Controls how spread out buying frequencies are across your 4,181 customers. r ≈ 1.5 means moderate variety — there's a mix of fast and slow buyers but not extremely polarised.

α = 103.875

Scale of purchase rate distribution

Controls average purchase rate. High alpha (103) means customers buy roughly once every 103 days on average — slow but consistent. Expected for a wholesale retailer where businesses reorder seasonally.

a = 0.097

Beta distribution — churn tendency

Very small value. Very few customers have a high dropout tendency after each purchase. Most customers who buy once tend to come back.

b = 0.976

Beta distribution — retention tendency

Larger than a — confirms most customers tend to stay active after each purchase. Your customer base is loyal and sticky. Low overall churn risk population.

What the model outputs (per customer)

P(Alive)

Probability that the customer is still an active buyer. Between 0 and 1. A score of 0.985 means 98.5% confident still active. A score of 0.31 means likely churned.

Why it's powerful: Two customers with the same 300-day silence get very different P(Alive) if one naturally buys every 6 months and the other used to buy weekly.

Expected Future Purchases

How many times the model expects the customer to buy in the next N days (we used 90 days). A value of 1.47 means the customer is expected to place about 1–2 orders in the next quarter.

Why it's useful: Multiplied by average order value and profit margin gives us CLV — a financial number the business can act on directly.

Gamma-Gamma Spend Model

What it does: Estimates how much each customer will spend per order in the future, based on their historical spending pattern.

Key assumption verified: How often a customer buys (frequency) must be independent of how much they spend per order (monetary). We verified this — Pearson correlation was 0.023, well below the 0.30 threshold. Safe to proceed.
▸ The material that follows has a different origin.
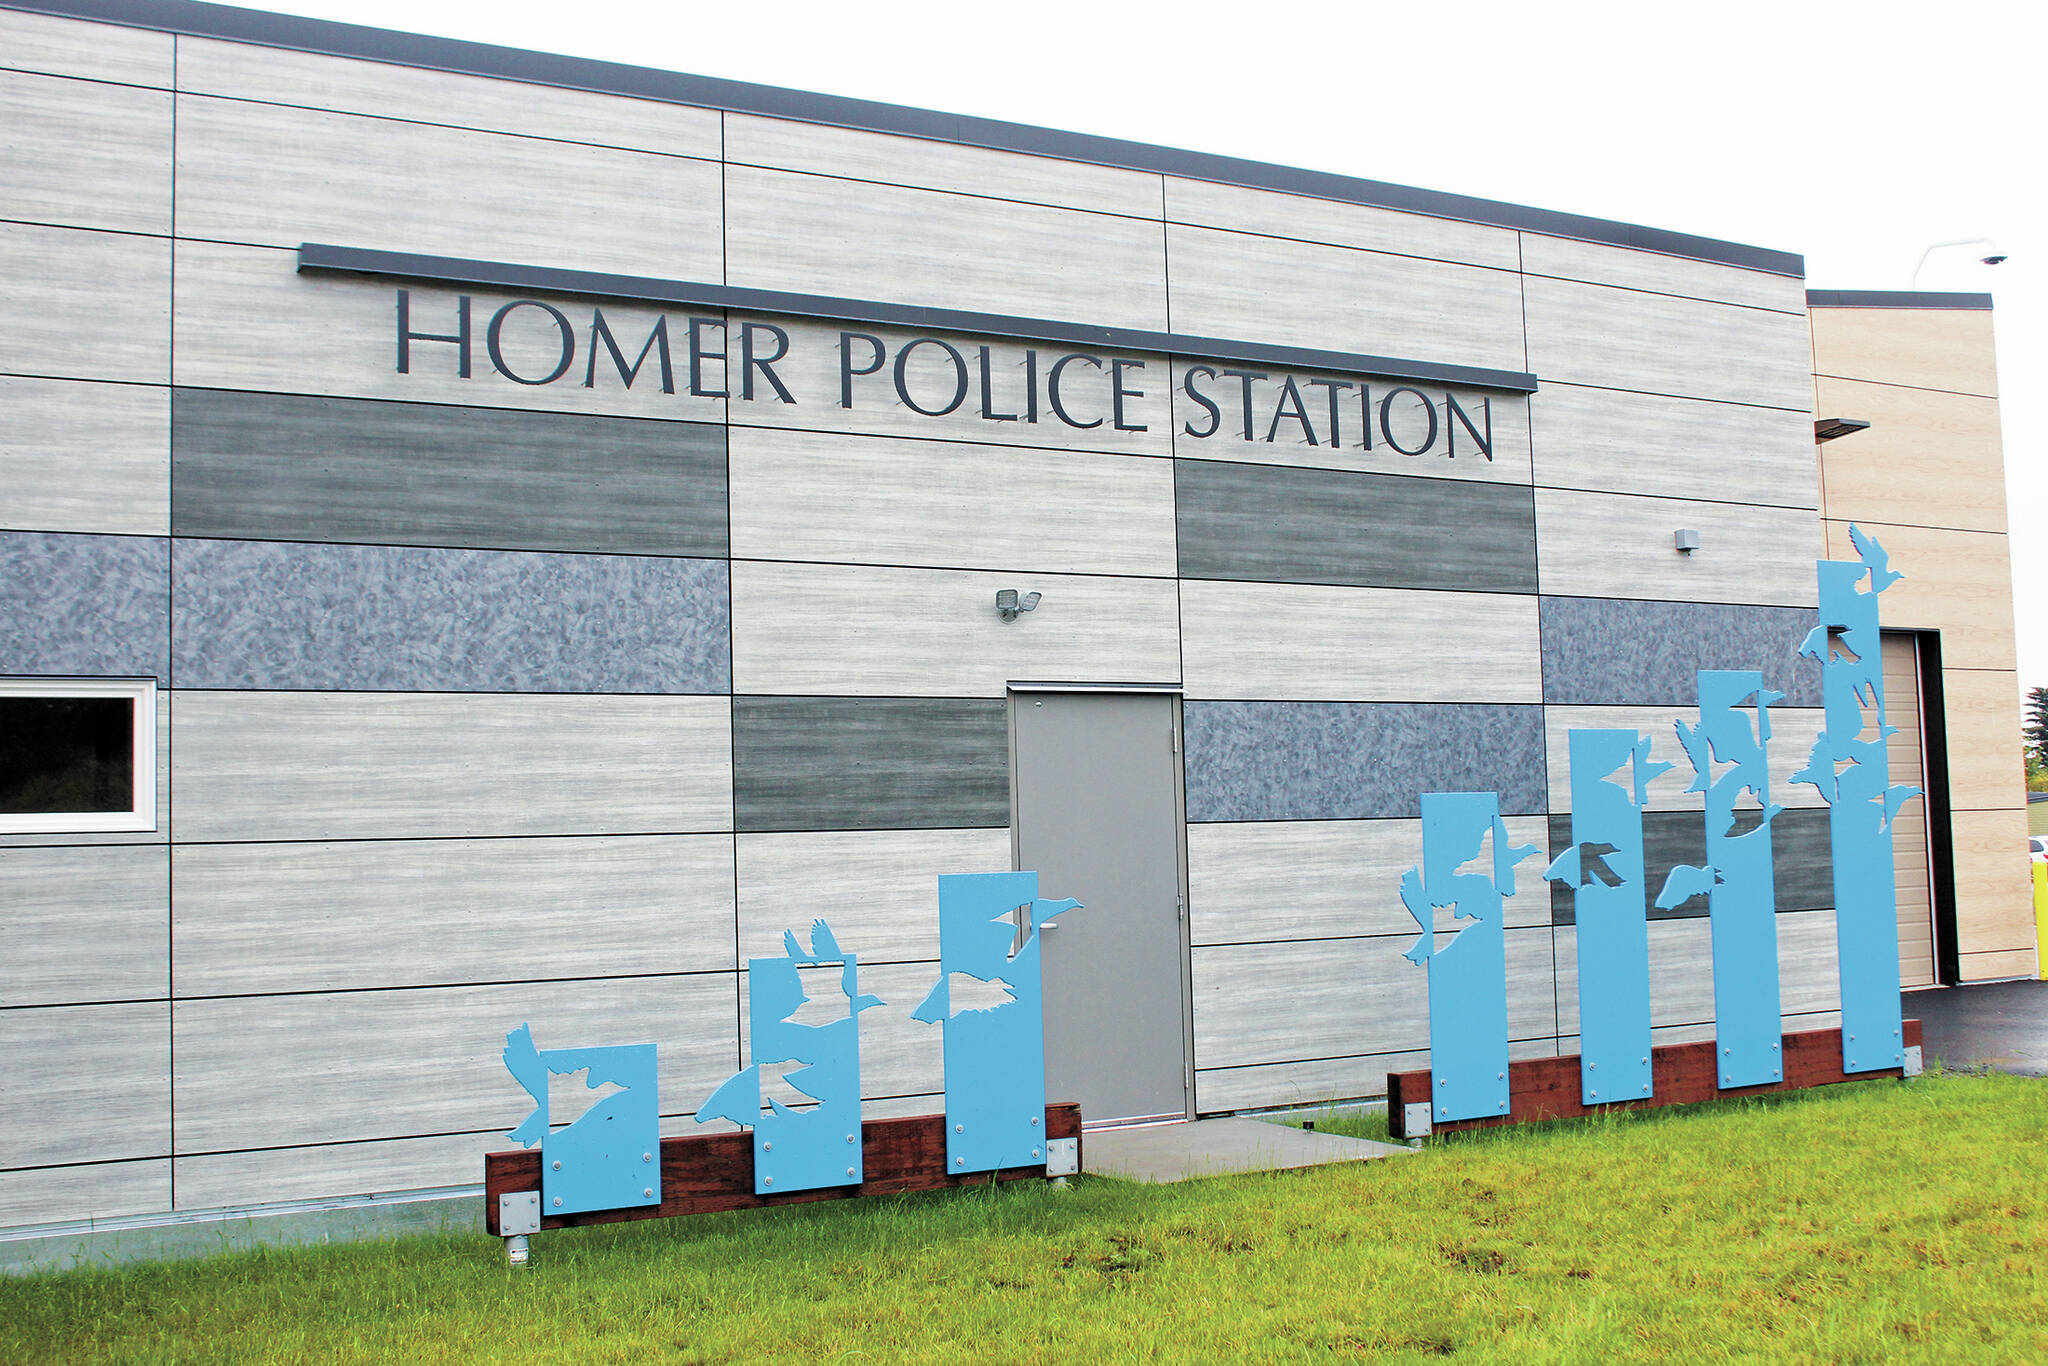 The Homer Police Station as seen Thursday, Sept. 24, 2020 in Homer, Alaska. (Photo by Megan Pacer/Homer News file)

Parameters learned: p = 11.75 (spending consistency within each customer — high p means predictable spenders), q = 0.884 (spread of spending across customers — less than 1 means high variety between customers), v = 11.72 (population average spend anchor).

06 — CLV Calculation

90-Day Customer Lifetime Value

We combined both models to produce a single financial number per customer — how much profit they are expected to generate in the next 90 days.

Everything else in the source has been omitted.